Simulated Author's Rebuttal

3 responses · 0 unresolved

We thank the referee for their constructive feedback. We address each major comment below and clarify our evaluation approach, limitations, and the scope of this work as an open-source replication effort.

read point-by-point responses
  1. Referee: [Abstract / Evaluation section] Abstract and Evaluation section: the central claim that OpenFlamingo reaches 80–89% of Flamingo performance on seven datasets rests on the unverified assumption that few-shot prompts, example selection, image preprocessing, shot count, and metric computation are identical to those used in the original (closed-source) Flamingo evaluations. The manuscript describes its own suite and shares code, but provides no explicit side-by-side protocol table or verification that would allow independent confirmation of equivalence.

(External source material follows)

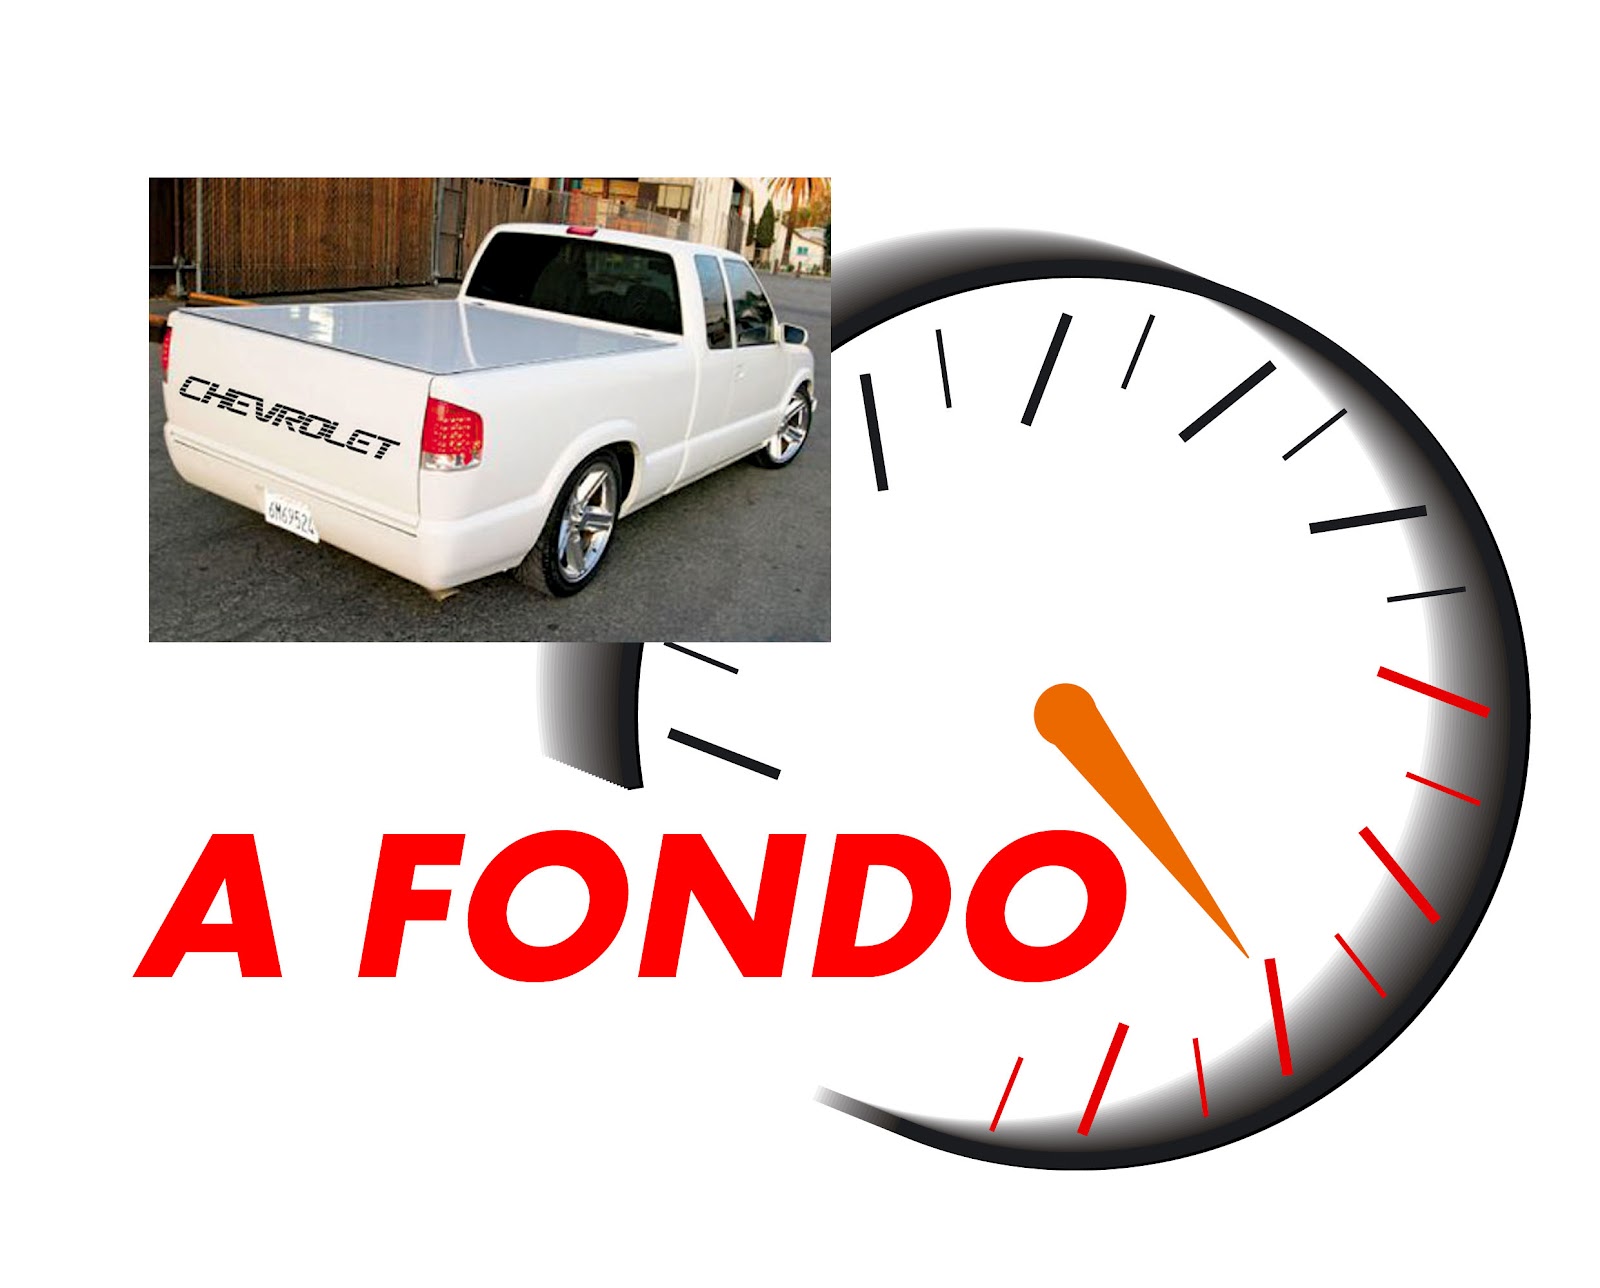 El camarero Altoparlante suizo A FONDO!: Calcos para camionetas CHEVROLET

    Authors: We agree that a side-by-side protocol comparison would improve transparency. While we cannot access the closed-source Flamingo code for exact verification, our evaluation suite was designed to follow the protocols described in the Flamingo paper as closely as possible, including shot counts, prompt templates, and metrics. The released code at https://github.com/mlfoundations/open_flamingo contains the precise evaluation scripts, data loaders, and preprocessing steps used. In the revision we will add an explicit comparison table in the Evaluation section detailing our choices against the Flamingo paper descriptions, along with any unavoidable differences. revision: yes

  2. Referee: [Evaluation section] Evaluation section: reported performance figures lack error bars, multiple random seeds, or statistical comparisons against the Flamingo baselines. Without these, it is impossible to determine whether the observed 80–89% range reflects a stable gap or is sensitive to evaluation variance.

    Authors: We acknowledge that error bars and multi-seed statistics would strengthen the presentation. However, the computational cost of repeated full evaluations on 3B–9B models across seven datasets is prohibitive. We followed the single-run reporting convention common in large-scale vision-language papers and observed consistent relative performance across diverse tasks, which suggests the gap is not driven by outlier variance. In the revision we will add a limitations paragraph noting this constraint and the consistency evidence. revision: partial

  3. Referee: [Training section] Training and ablation discussion: the manuscript describes hyperparameters and data but contains no systematic ablations (e.g., effect of vision encoder choice, cross-attention layers, or data mixture ratios). This omission makes it difficult to isolate which design decisions are responsible for closing most of the gap to Flamingo.

    Authors: We agree that systematic ablations would be informative. The primary objective of this technical report is to release reproducible models and code that close most of the gap to Flamingo, rather than to perform an exhaustive ablation study that would require orders-of-magnitude more compute. We do describe key hyperparameter choices and data mixtures in the Training section. In the revision we will expand the discussion to highlight the design decisions we found most impactful during development, while noting that a full ablation study remains future work. revision: partial

Circularity Check

0 steps flagged

No circularity; empirical replication claims rest on external baselines without internal self-definition or fitted predictions

full rationale

The paper is a technical report describing an open-source replication of Flamingo models, including architecture, training data, hyperparameters, and an evaluation suite. The headline result (80-89% relative performance on seven datasets) is an empirical measurement against the closed-source Flamingo baseline on public datasets. No equations, derivations, or first-principles results are presented that reduce to the paper's own inputs by construction. There are no self-definitional quantities, no parameters fitted to a subset and then relabeled as predictions, and no load-bearing self-citations. The comparison assumes protocol equivalence, but this is an external validity concern rather than circularity per the enumerated patterns. The derivation chain consists of standard model training and benchmarking steps that are independently verifiable from the released code and data.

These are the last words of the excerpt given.